» WORK INSTRUCTION:
The result should be the full listing copied exactly, with no pictures in it.

» DATA RECORDS:

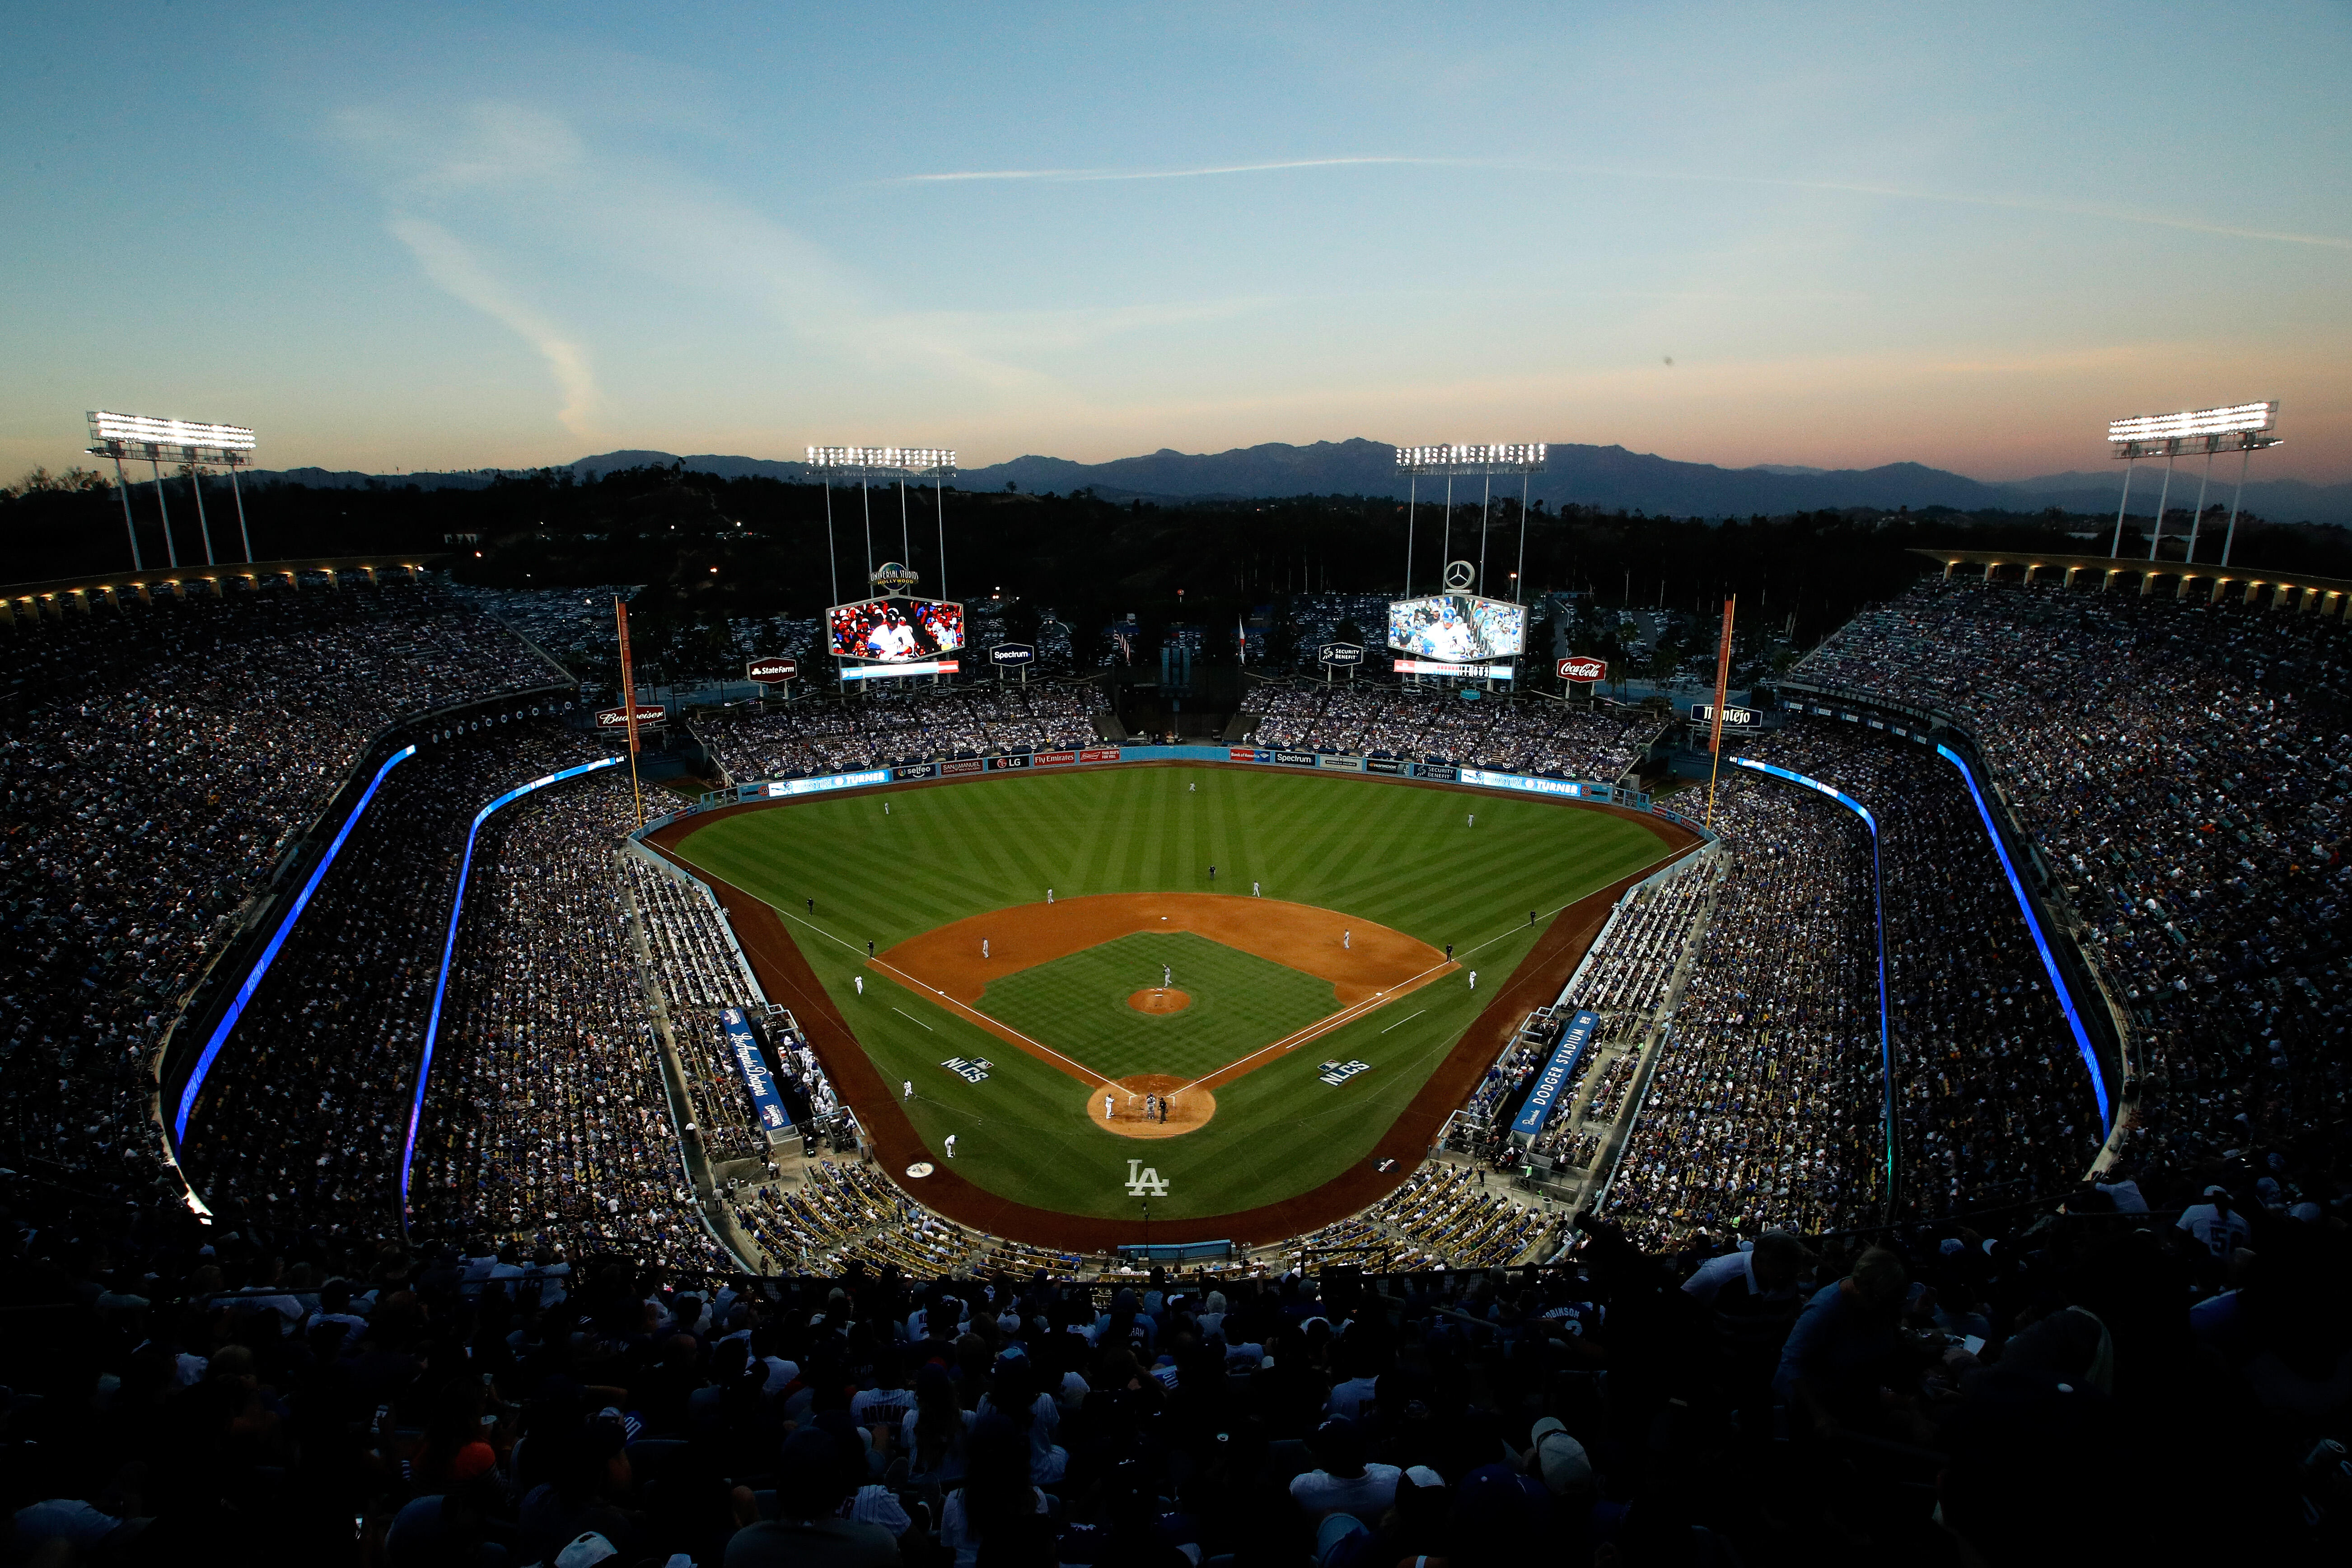 LOS ANGELES, CA - OCTOBER 20:  A general view as the Chicago Cubs take on the Los Angeles Dodgers in game five of the National League Division Series at Dodger Stadium on October 20, 2016 in Los Angeles, California.  (Photo by Josh Lefkowitz/Getty Images)
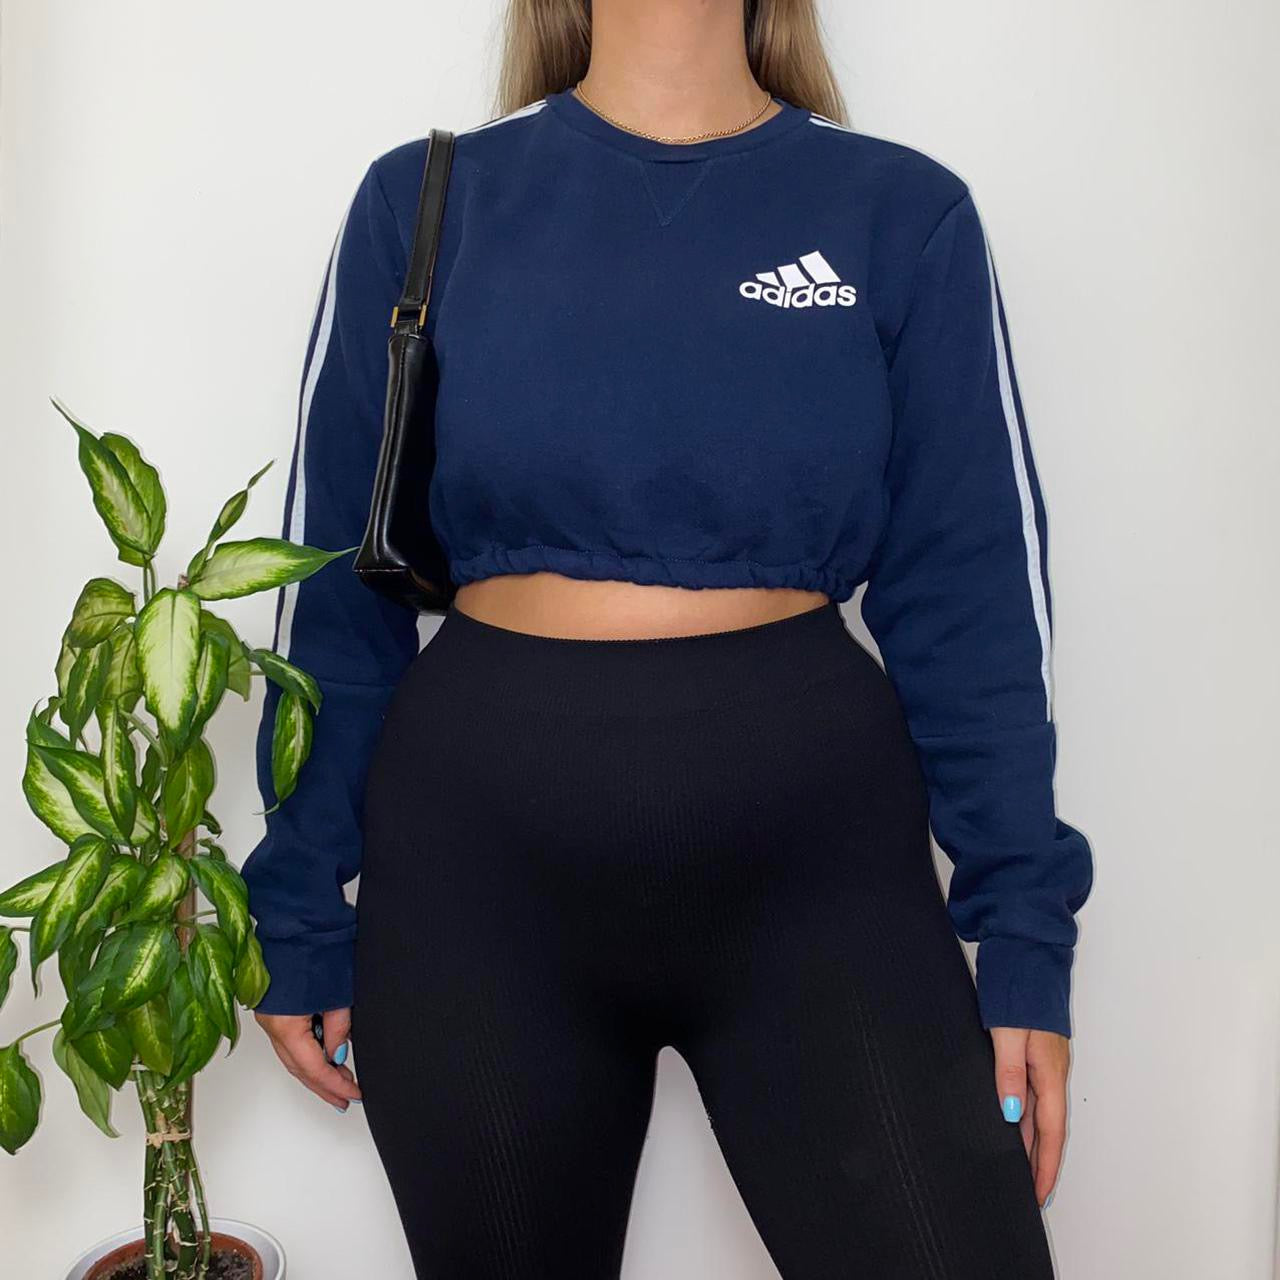 navy sweatshirt with small adidas text and symbol logo on chest with white 3 stripes on arms shown on model wearing black leggings and black shoulder bag
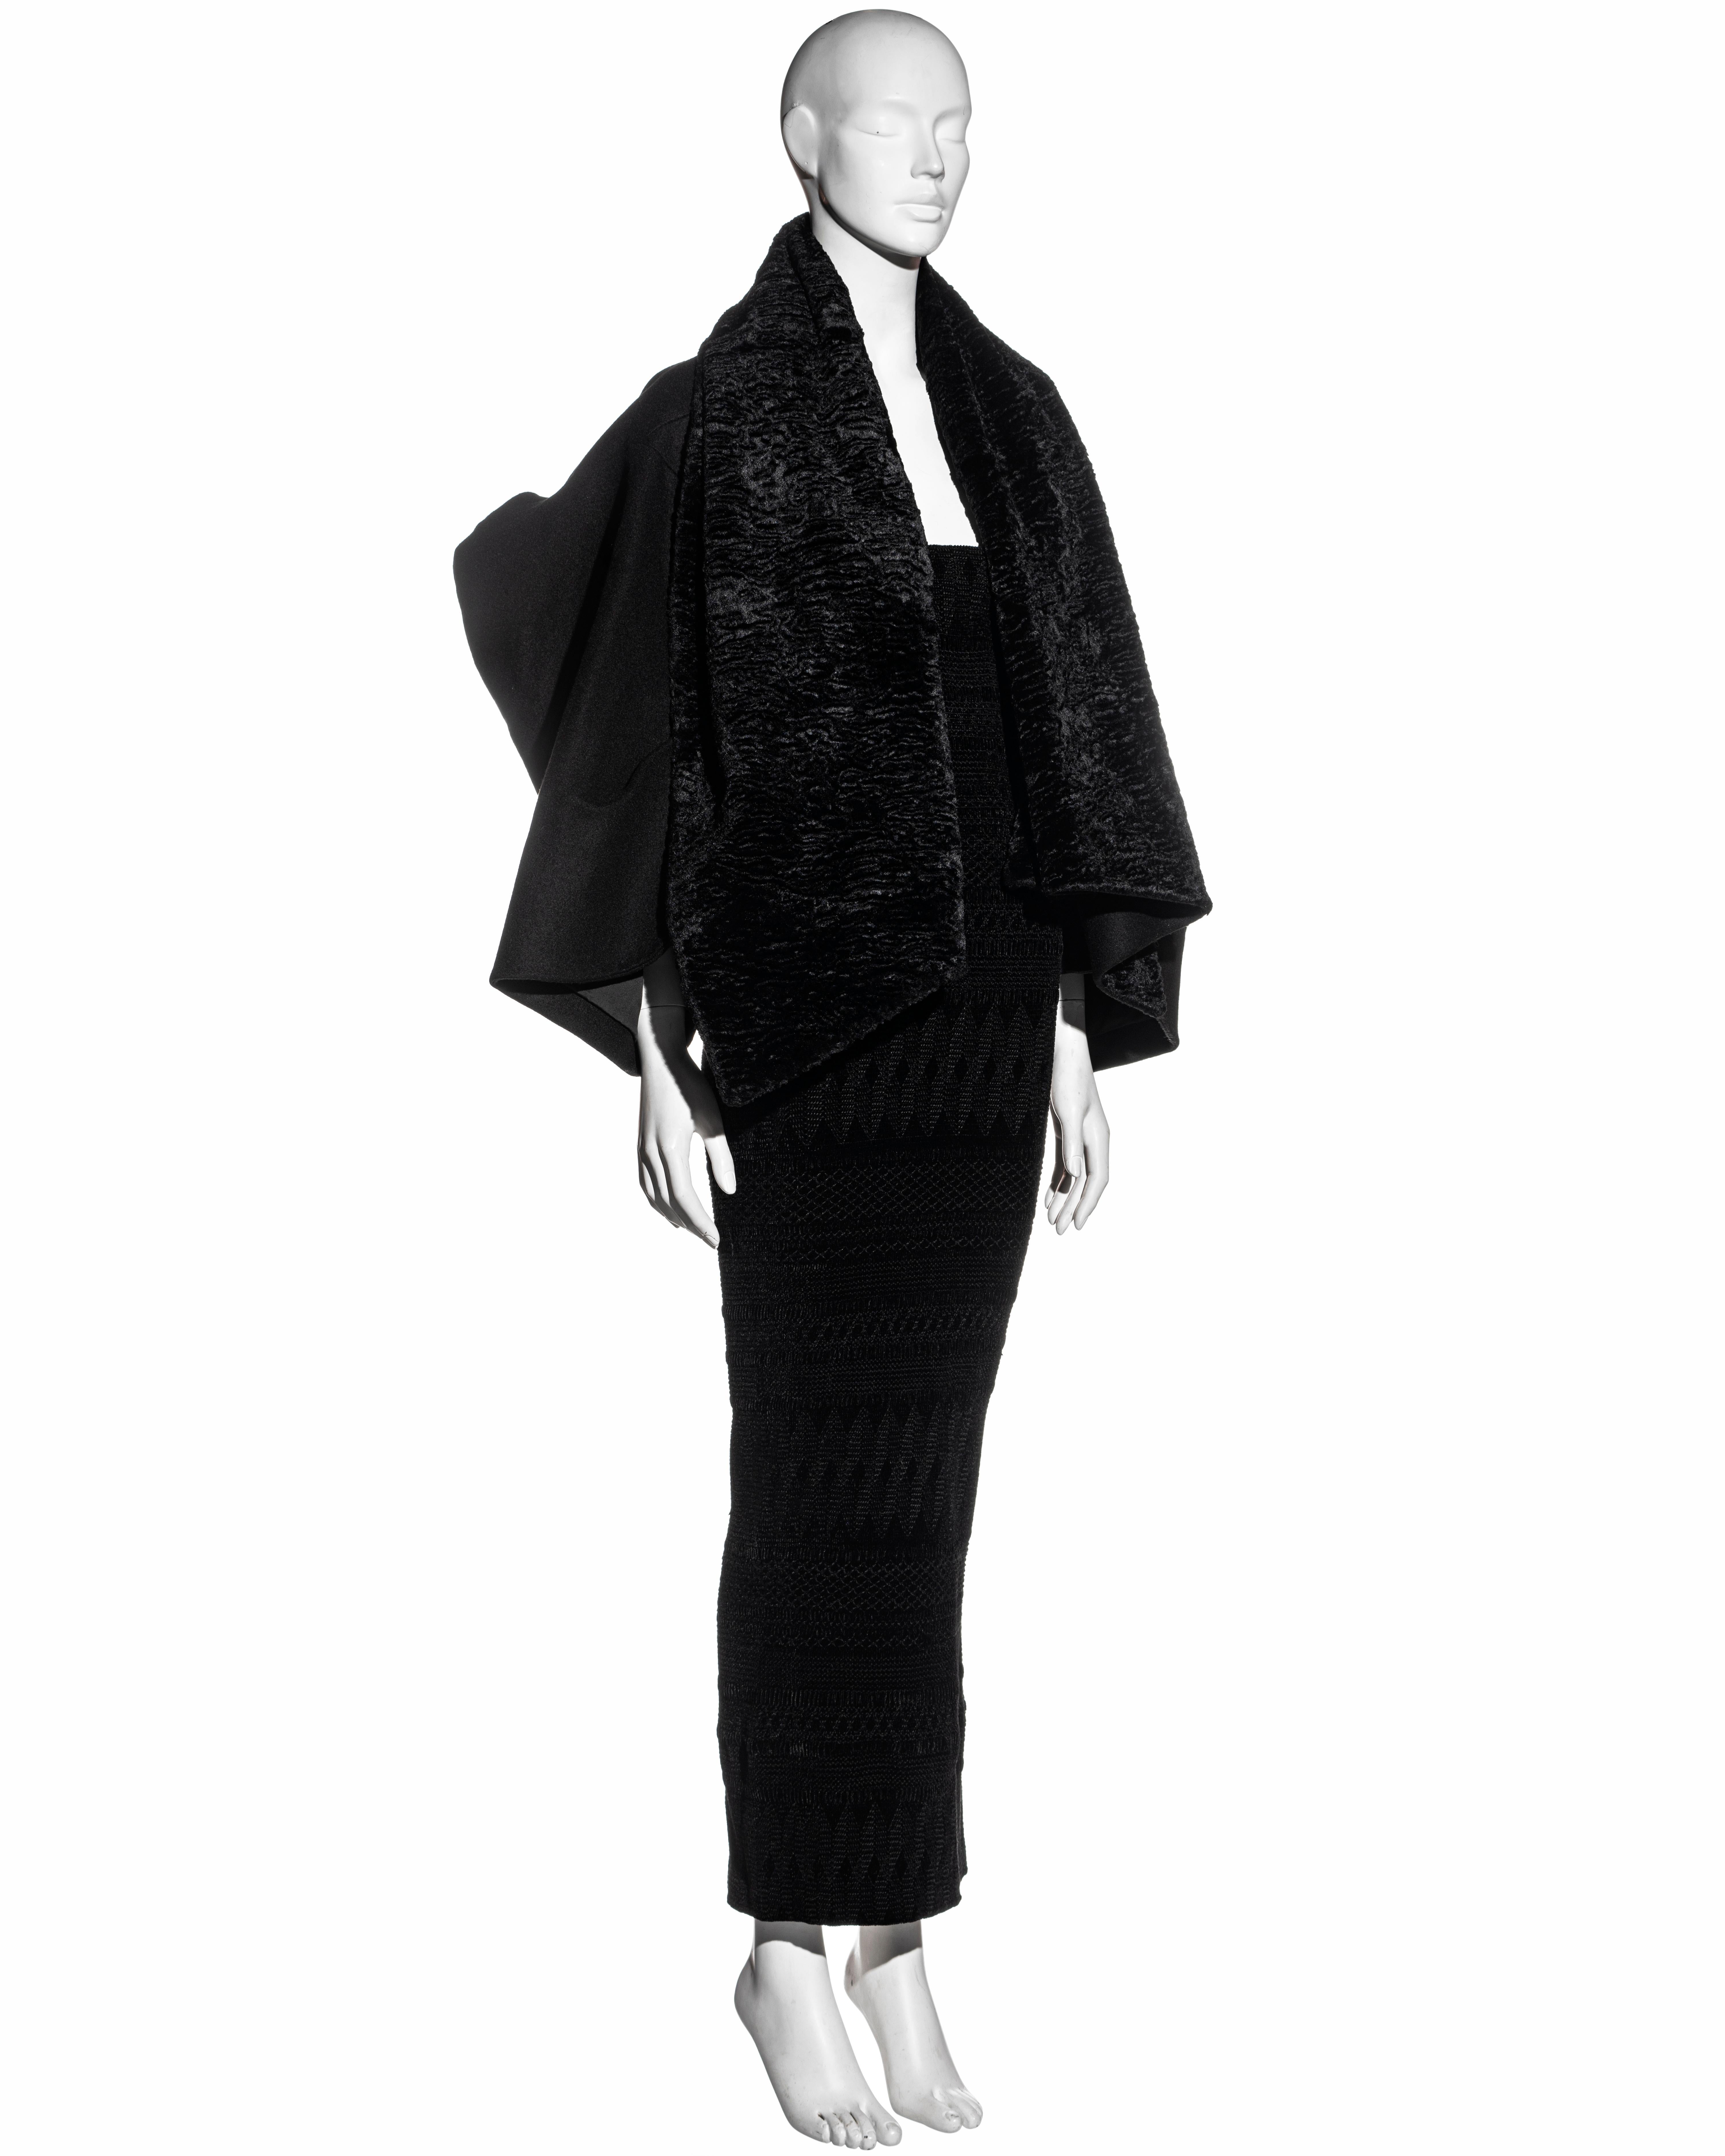 ▪ John Galliano evening ensemble 
▪ Black wool upside down cropped opera coat 
▪ Heavyweight wool 
▪ Broad chenille collar embroidered to imitate astrakhan fur 
▪ Shorter back 
▪ Silk lining  
▪ Embroidered chenille strapless sheath dress 
▪

» EXPECTED OUTPUT:
 LOS ANGELES, CA - OCTOBER 20:  A general view as the Chicago Cubs take on the Los Angeles Dodgers in game five of the National League Division Series at Dodger Stadium on October 20, 2016 in Los Angeles, California.  (Photo by Josh Lefkowitz/Getty Images)
 navy sweatshirt with small adidas text and symbol logo on chest with white 3 stripes on arms shown on model wearing black leggings and black shoulder bag
 ▪ John Galliano evening ensemble 
▪ Black wool upside down cropped opera coat 
▪ Heavyweight wool 
▪ Broad chenille collar embroidered to imitate astrakhan fur 
▪ Shorter back 
▪ Silk lining  
▪ Embroidered chenille strapless sheath dress 
▪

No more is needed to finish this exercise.